東京大学医学部付属病院「KSHOP」や千葉大学医学部付属病院などでは、「病院に1坪のオアシス空間を」をテーマに、常設の1坪キオスクショップを運営しています。
ケア用品のファッション性と機能性の両立は難しく、毎日が試行錯誤ですね。人気があるのは、ケア用帽子とステッキです。撥水機能のある素材でつくったブラウスのように見えるお食事用のエプロンも自信作です。メンズラインもご用意していて、ゴルフウェア風のエプロンなどがあります。
入院時に必要なものを集めた「入院セット」や、施設入居時のための「入居セット」なども人気です。お見舞い品として渡される方が多いので、ラッピングの箱を取り揃えていますよ。
祖母の問題行動が「おしゃれ」によって解消された
オリジナルブランド「KISS MY LIFE」では、ファッション性と機能性を兼ね備えたケア用品を多数販売している。
このようなブランドを展開する塩崎さんには、病院や施設にいてもおしゃれをすることが大切だと実感するに至る祖母との出来事があった。
「施設に入ったとき祖母には、当初、大きな声を出すなどの問題行動がありました。でも私がヘアメイクをして、おしゃれなブラウスを着せてあげたら、いつもの優しい祖母に戻ったんです。やっぱり自分らしくいることや、ひとりの女性としておしゃれをすることって大事なんですね。今は新型コロナの影響でお見舞いも難しい状況ですが、『何もしてあげられないけど、せめてプレゼントするね』という気持ちはデザインに反映させています」と塩崎さんは話す。
病院内に気分が明るくなるような空間をデザイン
高齢者の居場所が病院と福祉施設が中心になっていることに着目し、トキメクジャパンでは院内ショップの空間デザインにも力を入れる。

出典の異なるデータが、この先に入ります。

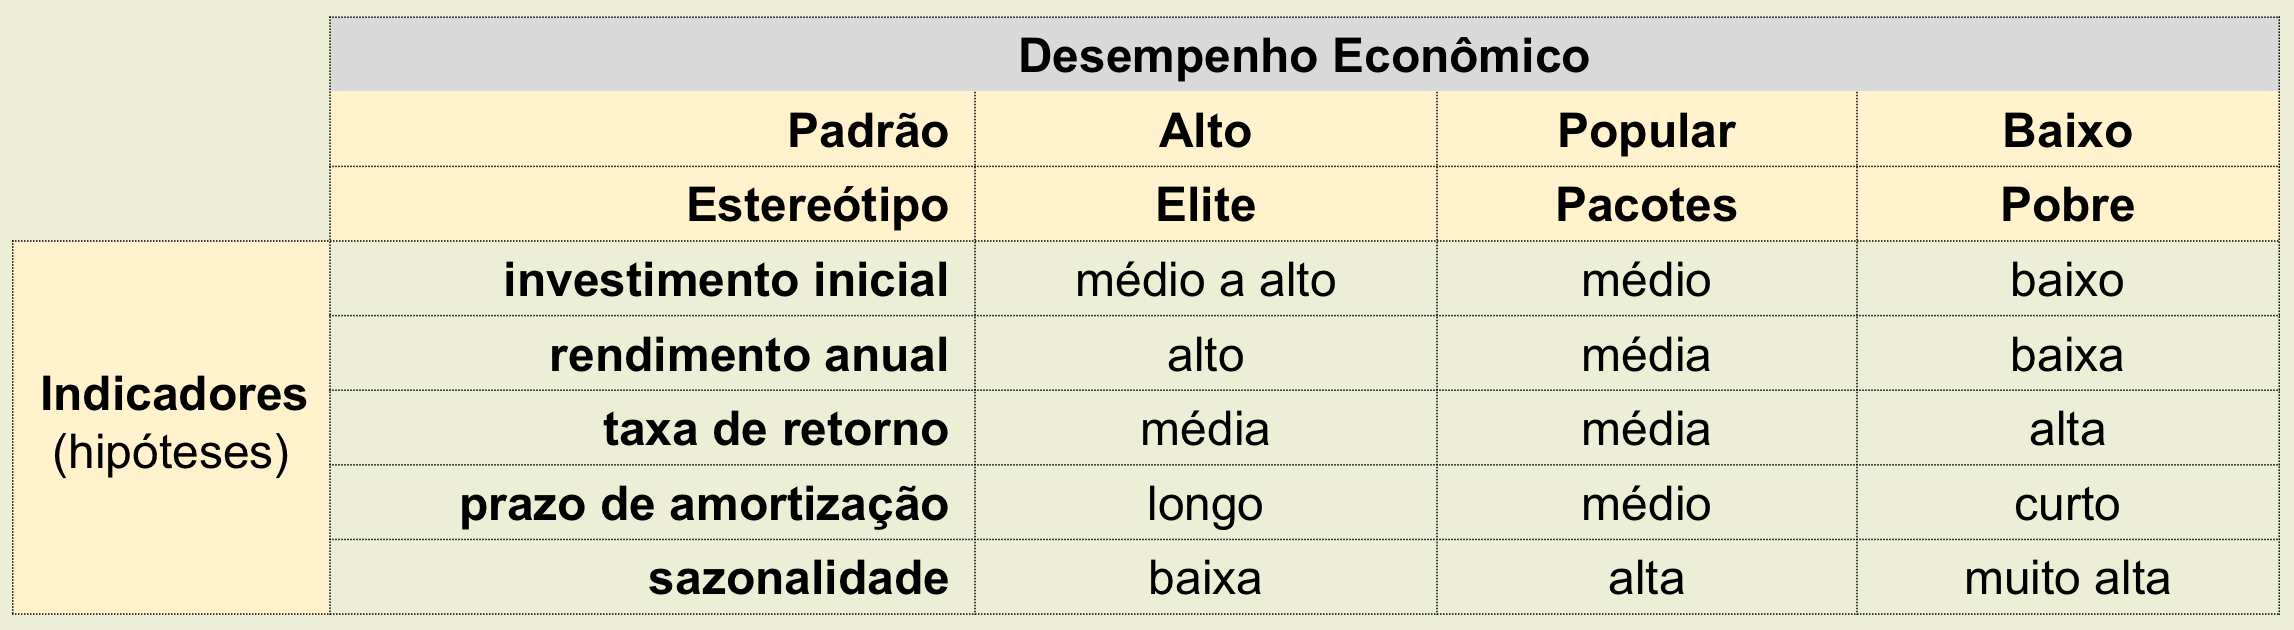 maranhao analise desempenho economico

「病院や施設の場合は、物の置き方やディスプレイなどに制約も多いのです。その中で、なるべく近寄りがたさを減らし、楽しく過ごしていただけるように工夫しています。病院の中であっても、いろいろな空間があっていいと思うんです」
診察や会計などの待ち時間の合間に気軽に立ち寄れて、患者さんだけでなく医療スタッフも気軽に買える品ぞろえを目指す。
病院でのファッションショーをきっかけに
ケア用品の事業を始めることに

私は33歳で乳がんの治療を始め、治療が終わる少し前からビジネススクールに通って経営を学び直し、2016年7月に「トキメクジャパン」を設立しました。
「世界中の逆境をかかえる人へ、今この一瞬のトキメキを届ける」これが、設立当時の会社のミッションでした。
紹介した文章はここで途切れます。